Коля обиженно глянул на приятеля.

– Вот увидишь, я от него теперь не отстану.

– Да знаю я, – улыбнулся Олег. – Ты с детства настырным был. Как вцепишься кому-нибудь в хвост – так все, намертво. Представляете, если Колька в детстве хотел у меня контрольную по математике сдуть, то как бы я не вертелся, все равно от него отстать было невозможно. Так вот, оказывается, где проявились твои первые задатки гениального следователя! – шутливо подытожил свою версию Олег. Но Коля уже его не слышал. Он прихватил свой маленький следовательский чемоданчик и понесся снимать отпечатки пальцев и образцы крови предполагаемого преступника. Много ли надо человеку для счастья!

Еще через полчаса мы уже сидели шумной компанией на нашей веранде и уписывали все подряд: и пирожки от тети Нины – она тут же напекла их целую гору, горячую и пахучую, как старинная немецкая кондитерская. А еще тут были всякие салаты и салатики, свежая окрошка и моя любимая домашняя колбаса – деревня все-таки есть деревня! Больше всех веселился следователь Коля.

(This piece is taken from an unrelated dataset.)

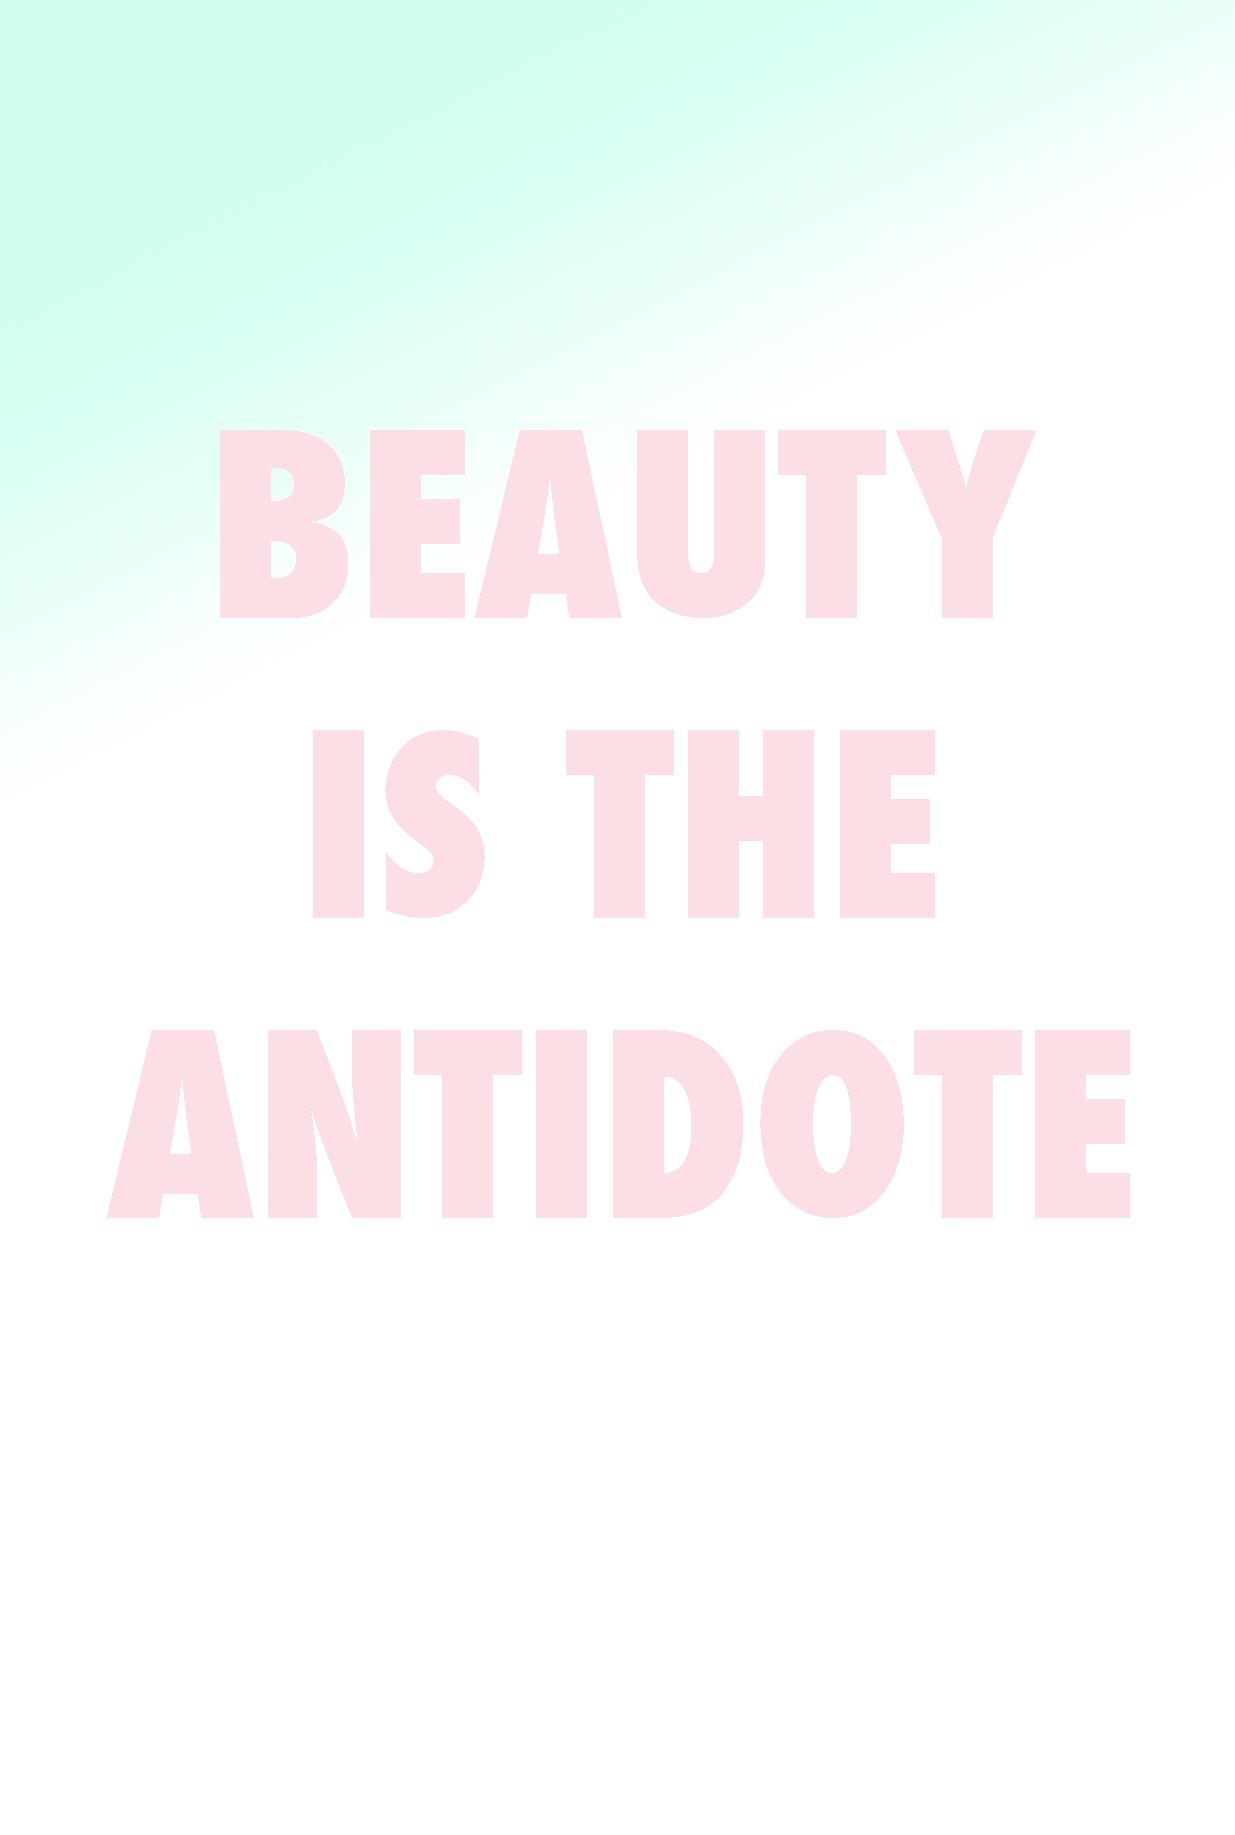 beauty_4x6.jpg

– Вы представляете, Татьяна Петровна, а вы ведь правы оказались, – радостно сообщил Коля всей нашей компании, запихивая в рот огромный кусок пирога. Причем, все это он умудрялся проделывать одновременно – и говорить, и есть.

– Это в чем же, Коленька, – поинтересовалась мама, подливая ему в чашку горячий чай.

– Да все просто. Помните, вы мне сказали, что раньше стиральные машинки были другого фасона. Так вот, я сознаюсь вам честно, тогда вам не поверил. А, как выяснилось, зря! Мы ведь сейчас, когда с Олегом вашу машинку нашли, я сразу и не понял, что это. Так, бочка какая-то валяется на колесиках. Беленькая такая, и сбоку написано «Бирюса». Я таких машинок даже не видел никогда, честное слово! Я только потом сообразил, когда мне Олег на нее указал и говорит: «Смотри, Колян, похоже вот она, машинка, которую у Татьяны Петровны уперли». – Мама моя от души смеялась, не забывая при этом всем нам подкладывать и подливать еду и питье. Она всегда боялась, чтобы кто-нибудь не остался голодным. Видимо, этого боятся все мамы, но моя боялась этого просто панически.

– Да, Коля, мир немного изменился. Стиральные машинки были не такими удобными, как сейчас. До этой самой «Бирюсы» наша промышленность выпускала машинку еще древнее, почти ровесницу фараонов. Она называлась «Волга». Тоже бочка на колесиках, только не белая, а коричневая, а еще сверху крепились два валика, чтобы белье выкручивать. Представляете, вставляешь между валиками какую-нибудь тряпочку и крутишь специальную ручку. Тряпочка между валиками прокручивается и вещь почти сухая!

– Гениально, – воскликнул Коля и потянулся за новой порцией пирога.

– Сейчас, конечно, все изменилось. Но это к лучшему, – очень уверенно сказала мама.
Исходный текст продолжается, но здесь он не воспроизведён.